Exercise ▸ Skip the images and print the listing exactly.

Recorded information ▸
+---+

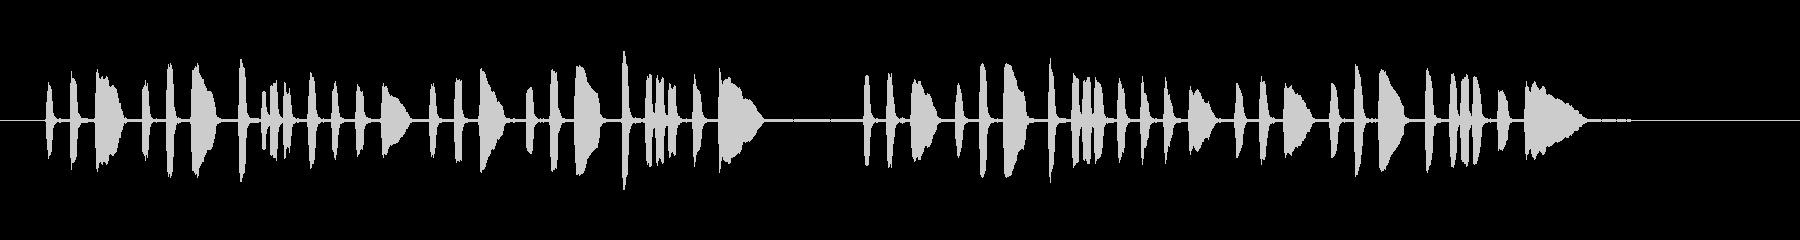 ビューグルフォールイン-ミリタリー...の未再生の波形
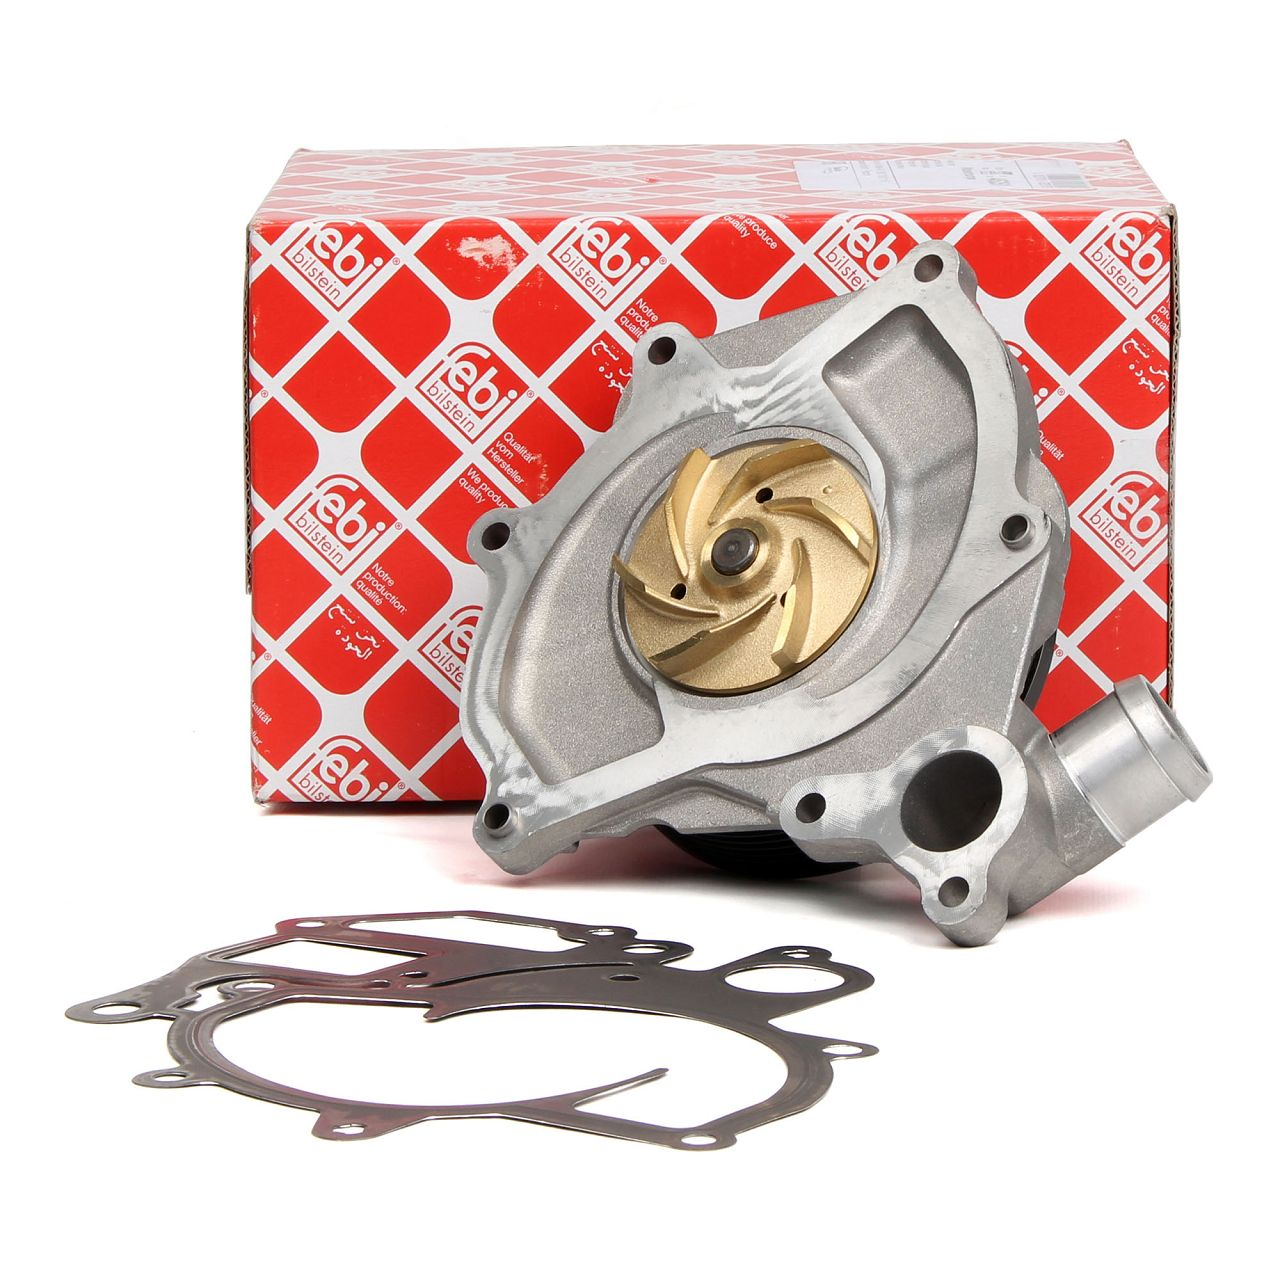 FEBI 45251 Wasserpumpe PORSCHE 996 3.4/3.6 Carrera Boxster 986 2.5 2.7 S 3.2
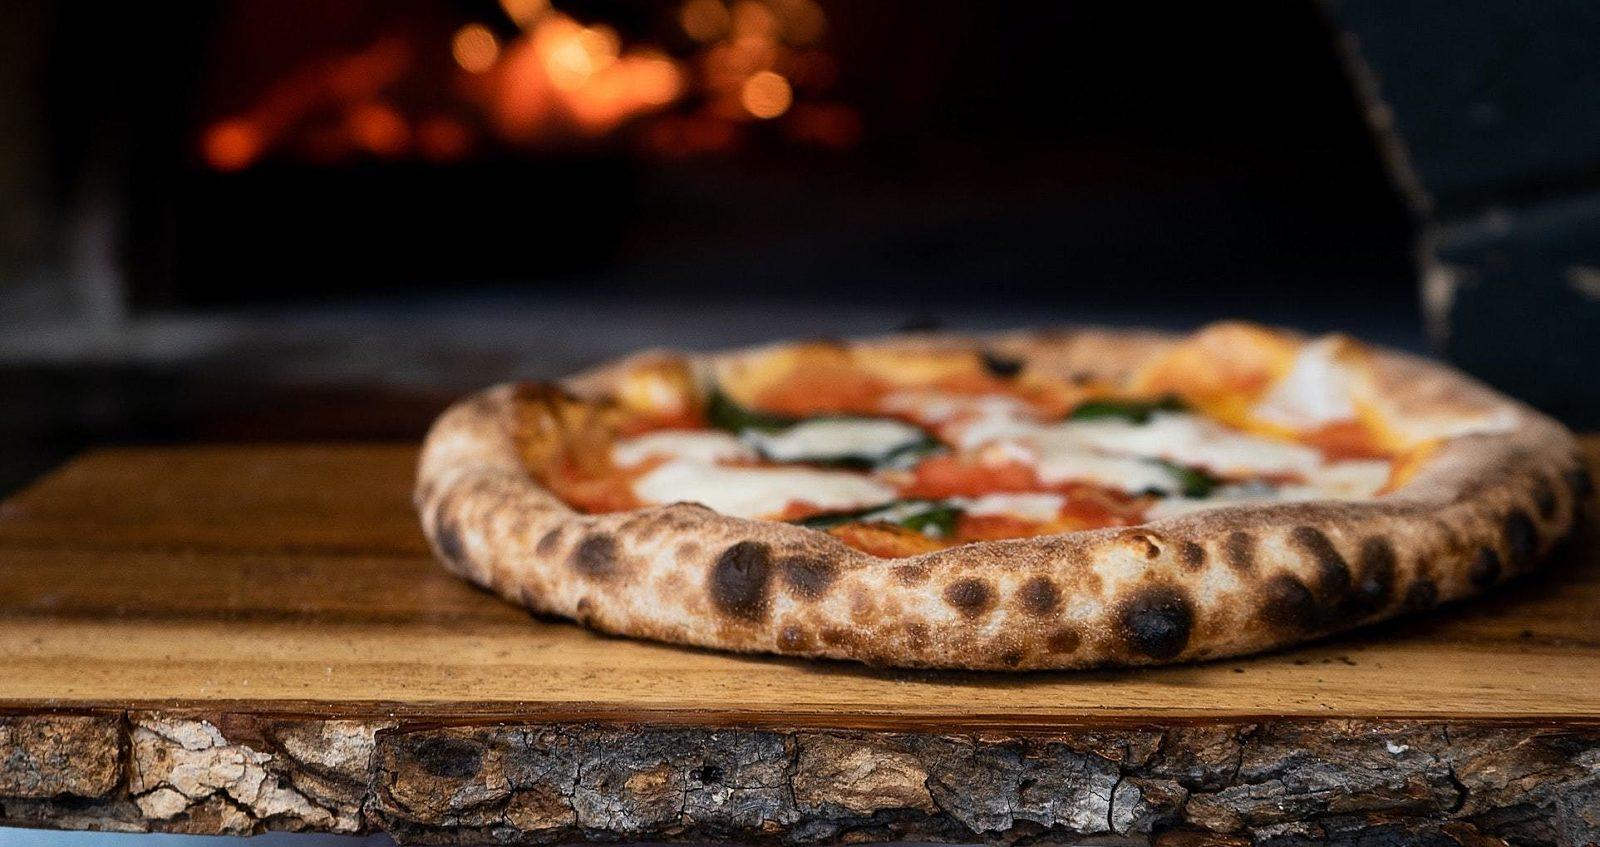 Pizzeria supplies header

+---+

Response for this exercise ▸
 ビューグルフォールイン-ミリタリー...の未再生の波形
 FEBI 45251 Wasserpumpe PORSCHE 996 3.4/3.6 Carrera Boxster 986 2.5 2.7 S 3.2
 Pizzeria supplies header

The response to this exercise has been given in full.